An election was held on July 7, 1945, launching the City of Everman. On August 25, 1945, a mayor, a marshal, and five aldermen were elected. W. A. Wilson was the first mayor of Everman, and the first marshal was Buster Stephenson. The five aldermen were W. B. Dwiggins, Jack Neill, Clyde Pittman, Howard Easter and J. W. Bishop. Everman was on her way to becoming a city, but water was needed. Bonds were sold to build a public water supply system, and a volunteer fire department was organized. The city's water was first furnished by Claude Vaughan's well.

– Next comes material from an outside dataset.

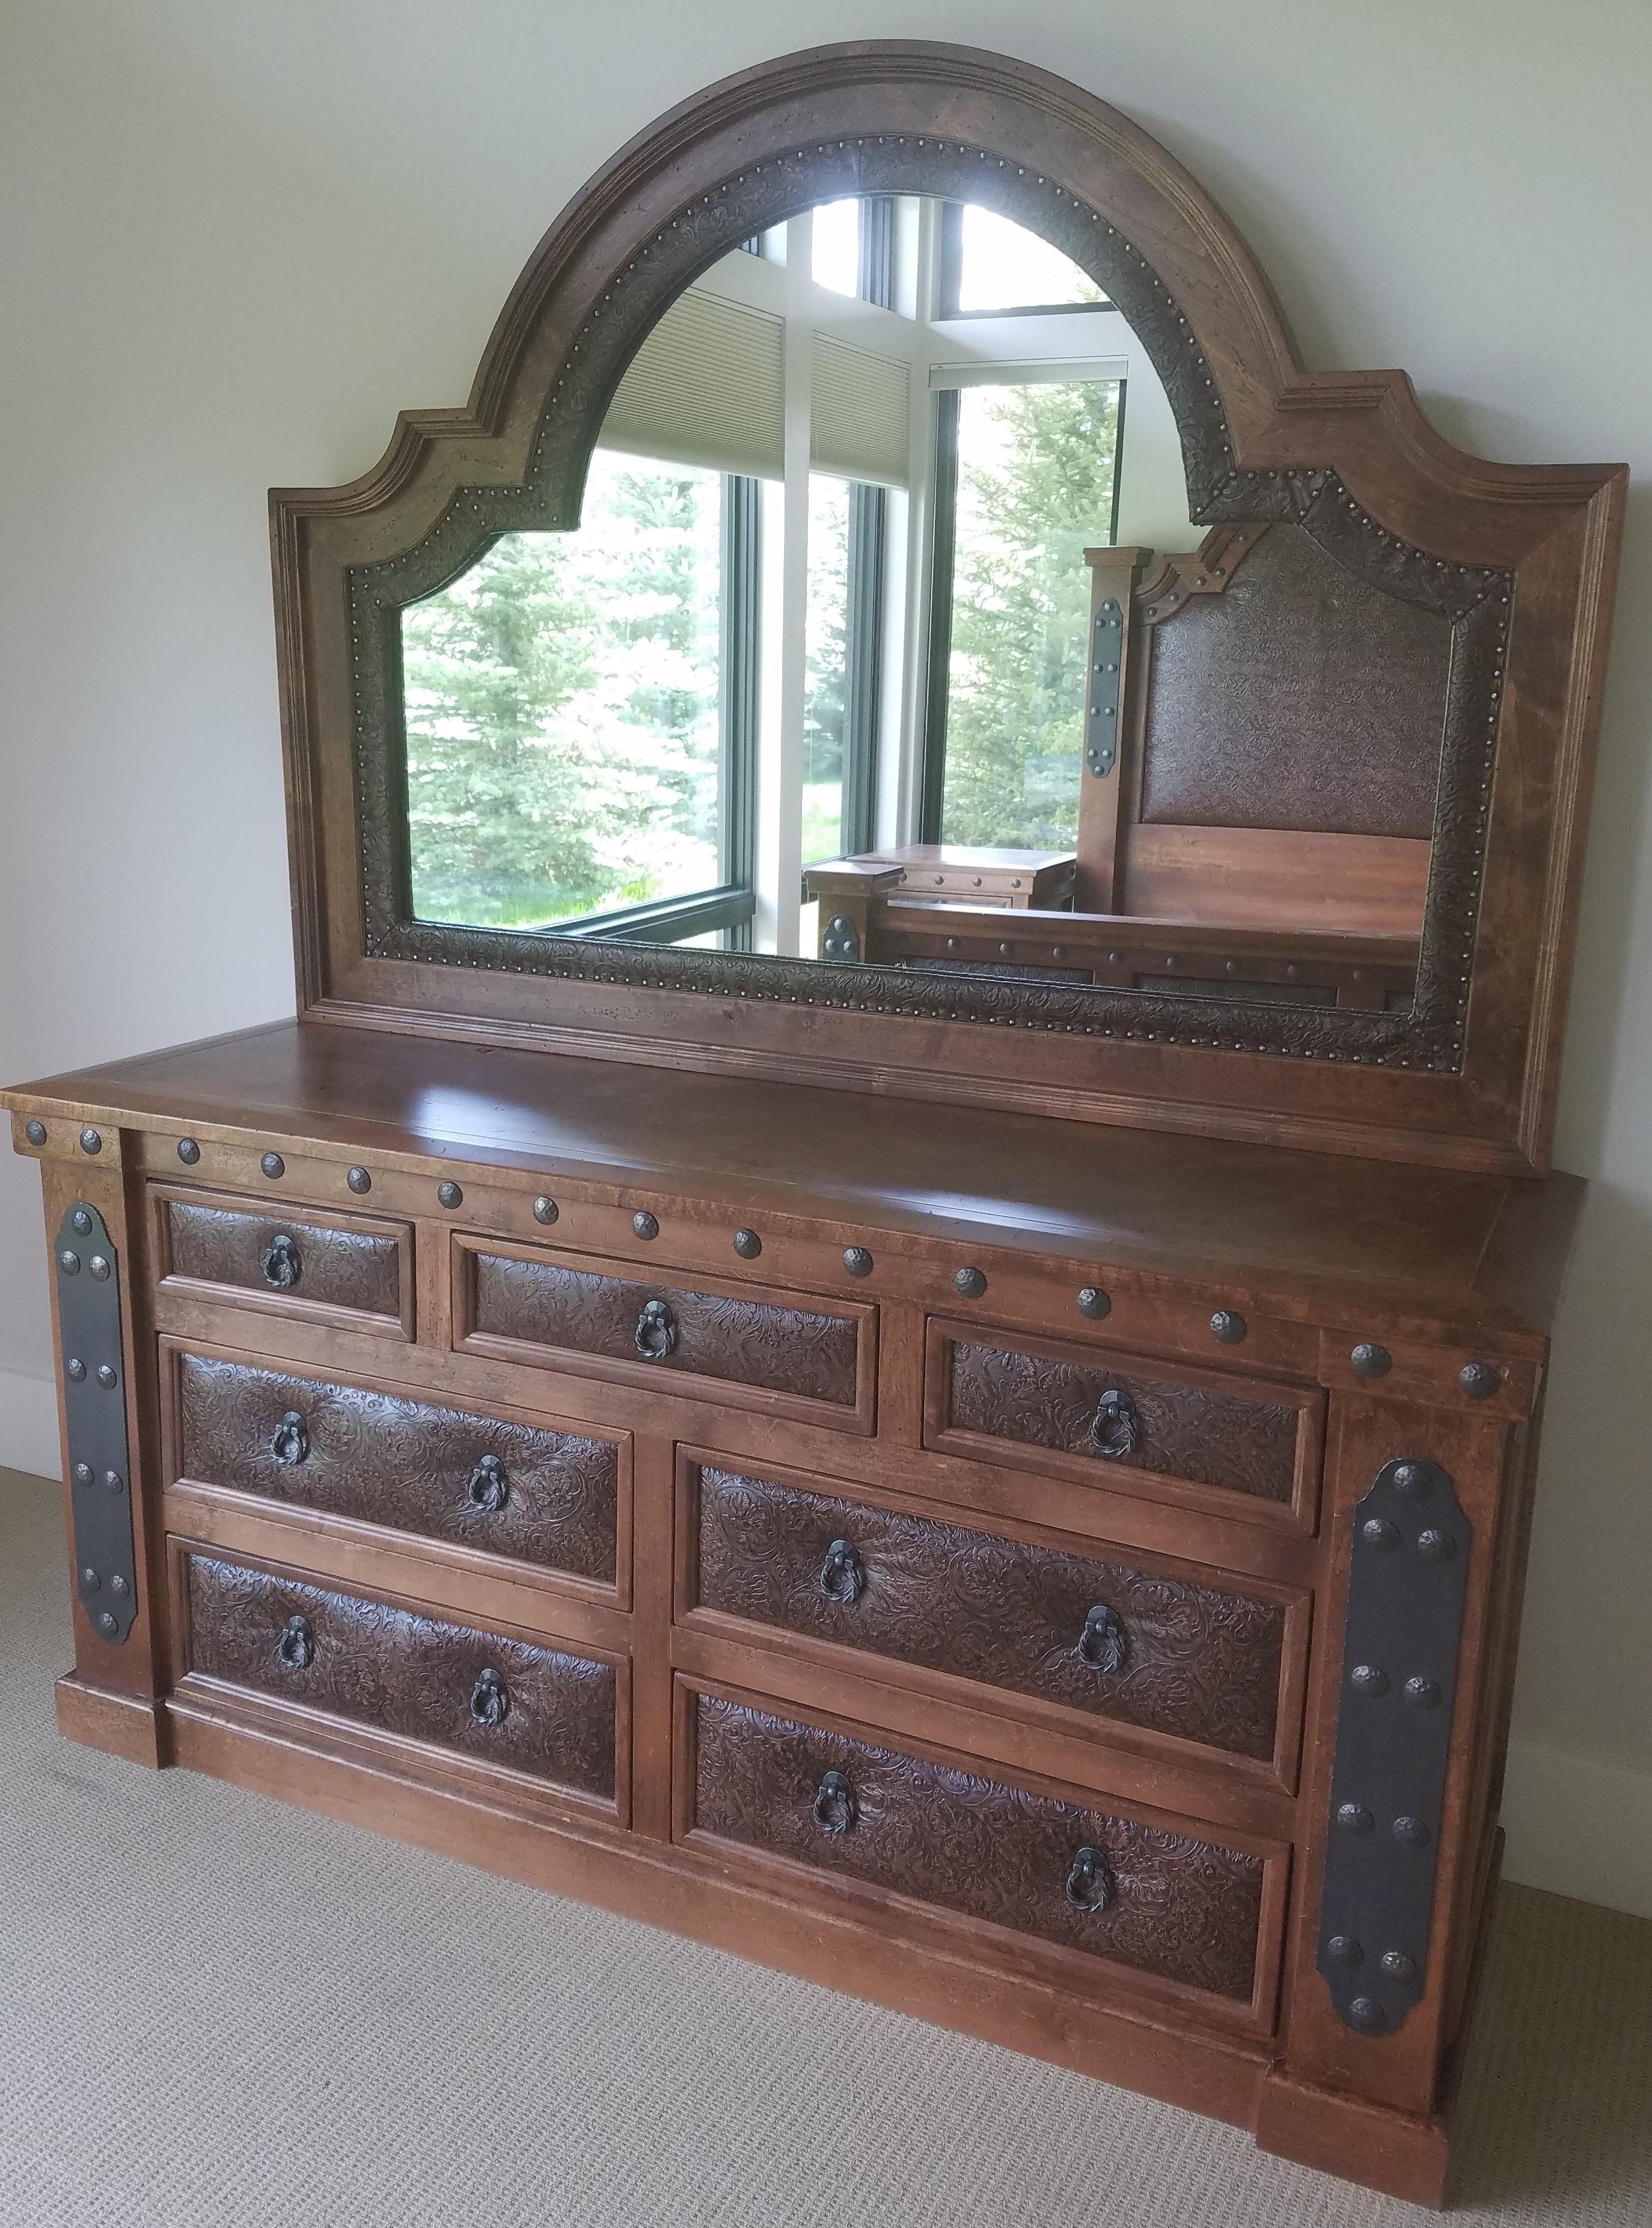 Durango 7-drawer dresser with Silverton mirror

In 1948, the name changed from the Village of Everman to the City of Everman. In 1966, another big fire struck in Everman. This time, the town lost the post office, a drug store, and a cafe. The businesses rebuilt in another location. After the nearby Dallas/Fort Worth International Airport was constructed, the number of residents in Everman increased to more than 5,000 by the mid-1970s. Everman adopted the council-manager form of city government in 1986.

==Geography==

According to the United States Census Bureau, the city has a total area of 4.6 sqkm, of which 0.03 sqkm, or 0.69%, is covered by water.

==Demographics==

Everman racial composition as of 2020 (NH = Non-Hispanic)
| Race | Number | Percentage |
|---|---|---|
| White (NH) | 1,125 | 18.28% |
| Black or African American (NH) | 1,203 | 19.55% |
| Native American or Alaska Native (NH) | 8 | 0.13% |
| Asian (NH) | 29 | 0.47% |
| Some other race (NH) | 18 | 0.29% |
| Mixed/multiracial (NH) | 116 | 1.88% |
| Hispanic or Latino | 3,655 | 59.39% |
| Total | 6,154 |  |

As of the 2020 United States census, 6,154 people, 2,126 households, and 1,396 families resided in the city.

Historical population
| Census | Pop. | Note | %± |
| 1950 | 451 |  | — |
| 1960 | 1,076 |  | 138.6% |
| 1970 | 4,570 |  | 324.7% |
| 1980 | 5,387 |  | 17.9% |
| 1990 | 5,672 |  | 5.3% |
| 2000 | 5,836 |  | 2.9% |
| 2010 | 6,108 |  | 4.7% |
| 2020 | 6,154 |  | 0.8% |
| 2025 (est.) | 6,537 |  | 6.2% |
U.S. Decennial Census

==Education==

The city of Everman is served by the Everman Independent School District, with five elementary schools (kindergarten-grade 4), two intermediate schools (grades 5–6), one junior high school, and two high schools. Everman Joe C. Bean High School is home to the 2001 and 2002 Texas 3A state football champions and the Texas 3A state boys' basketball champions.

==Notable people==
- Ellis Burks, Major League Baseball player
- Steven Wayne Smith, former Texas Supreme Court justice who served from 2002 to 2005, was reared in Everman.